> **THE PROBLEM**
Pictures within the data are to be left out; everything else must be reproduced exactly.

> **DATA PROVIDED**

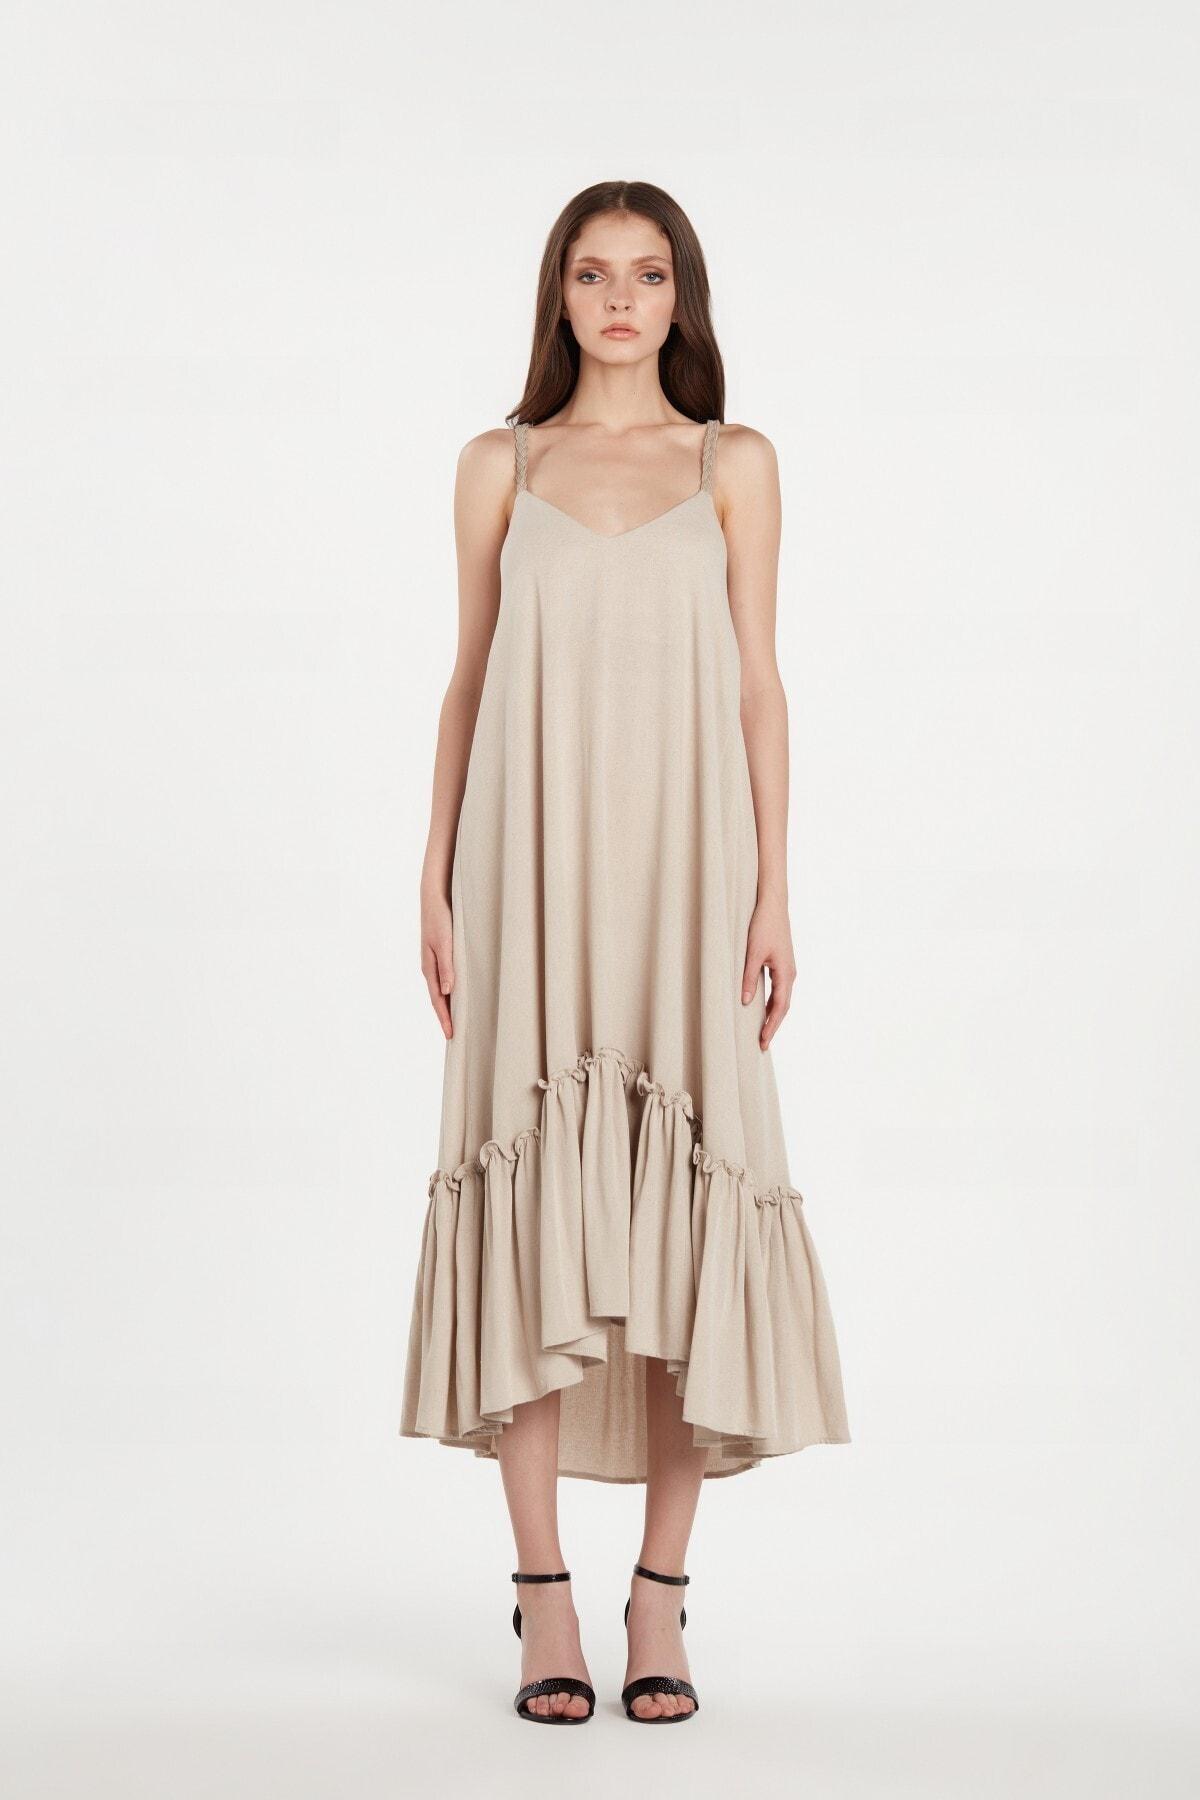 LOVEMETOO Kadın Amelie Bej Rengi Elbise 20y01 1
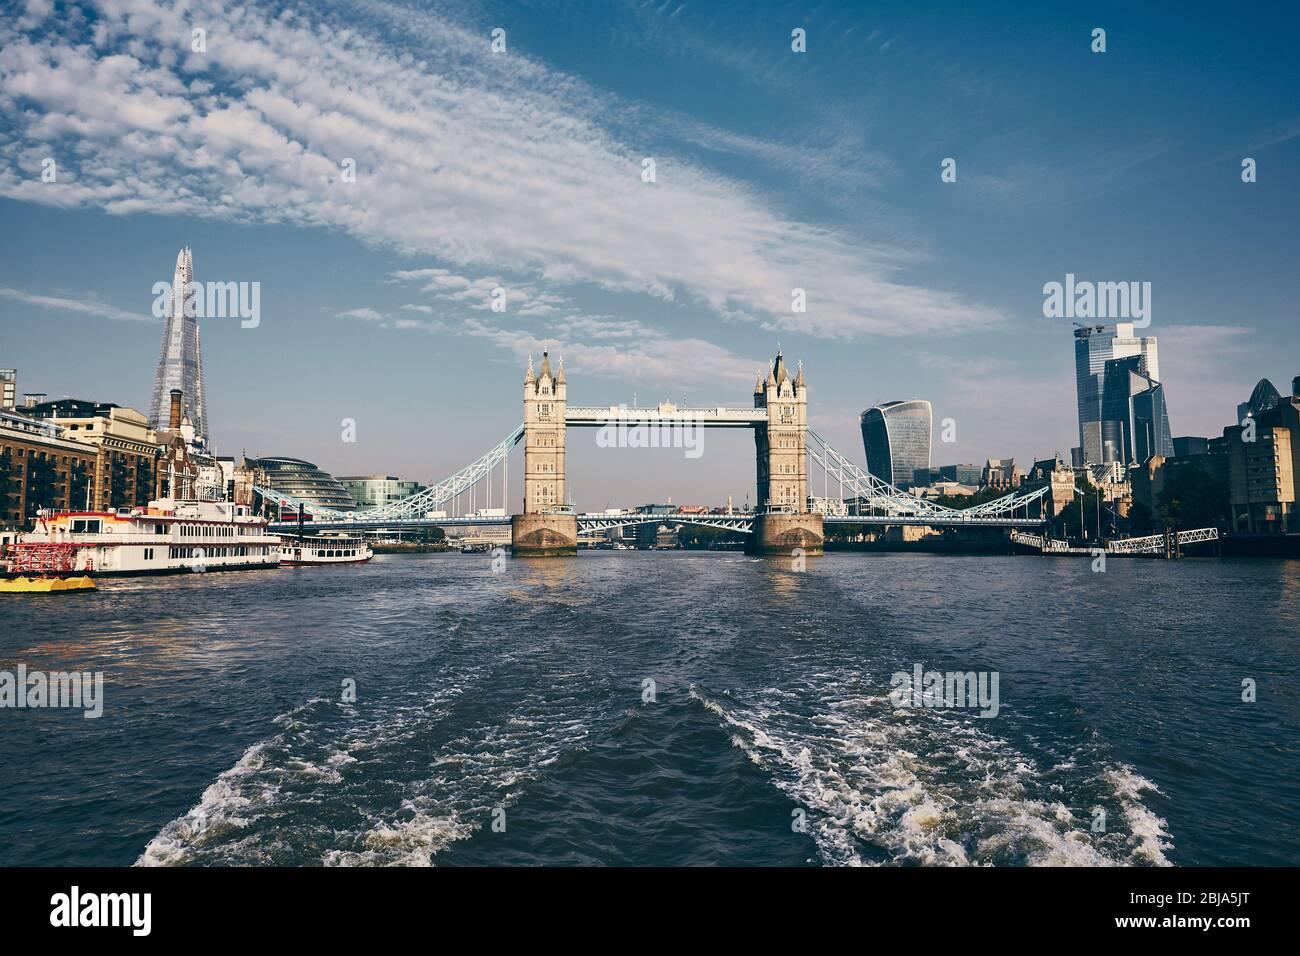 Tower Bridge en el centro de la ciudad. Vista desde lancha rápida sobre el río Támesis. Londres, Reino Unido. Foto de stock
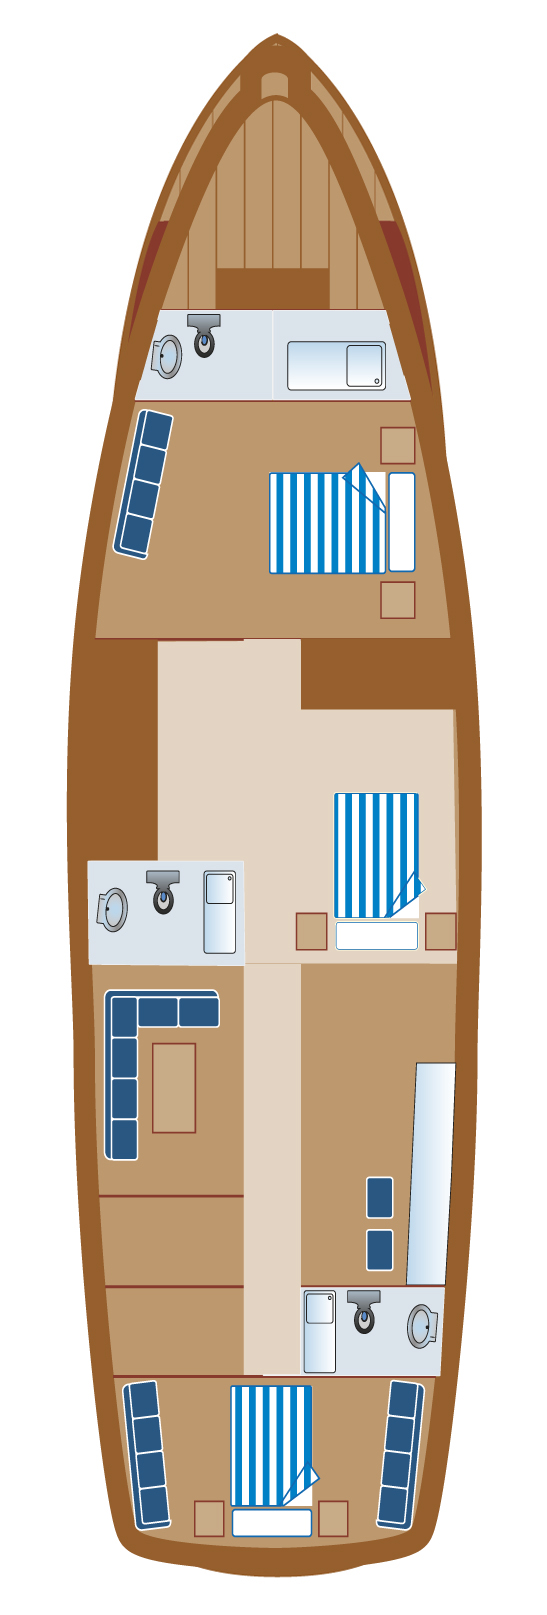 Primadonna-layout.jpg

> **WRITTEN ANSWER**
 LOVEMETOO Kadın Amelie Bej Rengi Elbise 20y01 1
 Tower Bridge en el centro de la ciudad. Vista desde lancha rápida sobre el río Támesis. Londres, Reino Unido. Foto de stock
 Primadonna-layout.jpg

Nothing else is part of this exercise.